• synergies
• Arduino
• central nervous system
• control
• electromyographic
• extended Kalman filter
• functional principal component analysis
• human upper limb
• inertial measurement units
• joint angle
• kinematic model
• minimum variance estimation
• neural network
• non-negative matrix factorization
• non-negative matrix factorization time varying
• principal component analysis
• robotic protheses
• Simulink
• TinyML

In this work, I investigate how the synergistic coupling between different upper limb degrees of freedom can be exploited to estimate the temporal evolution of the muscular-skeletal state (electromyographic EMG and kinematics measurements) of the whole limb, from a reduced number of noisy data.
First, I applied the functional component analysis to EMG and postural data of human upper limb to obtain the basis functions. Then, I combined this functions with the scarce sensory information to solve minimum variance estimation. Furthermore, this approach integrated with an optimization problem allows us to identify which degrees of freedom should be measured to minimize the a posteriori covariance matrix.

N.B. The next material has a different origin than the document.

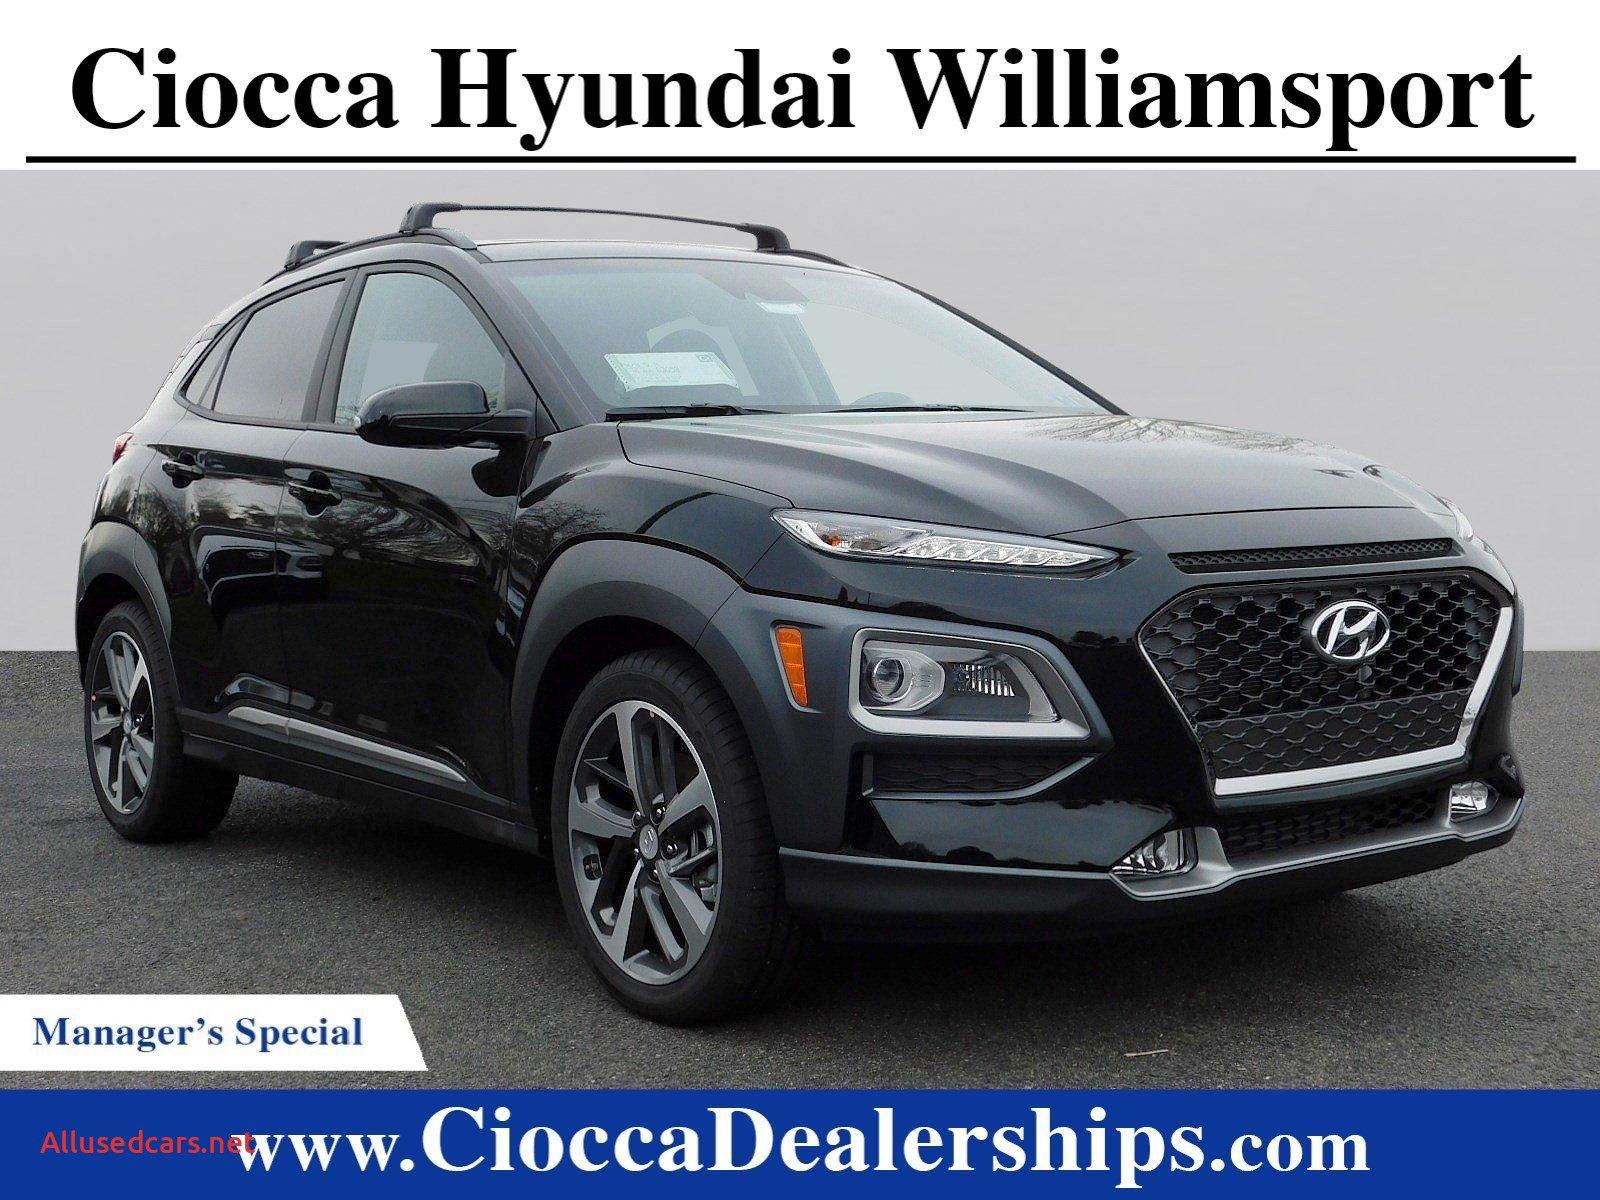 Original Window Sticker By Vin Unique New 2020 Ultra Black Hyundai

Finally, leveraging the coupling between the upper limb degrees of freedom, I developed a control strategy for robotic trans-radial prostheses in which a neural network is trained to predict -from a given motion of the residual limb composed by the shoulder and the elbow- the most likely motion of the three-degrees of freedom wrist. I performed a first implementation of the sensing and computational framework using four Inertial Measurement Units to track the motion of the residual upper limb that was fed into the motion predictor. The deployment of the neural architecture was performed at the edge on an Arduino Nano 33 BLE board, minimizing the usage of external computational sources. Extensive experiments to test the proposed framework were carried out using a virtual avatar.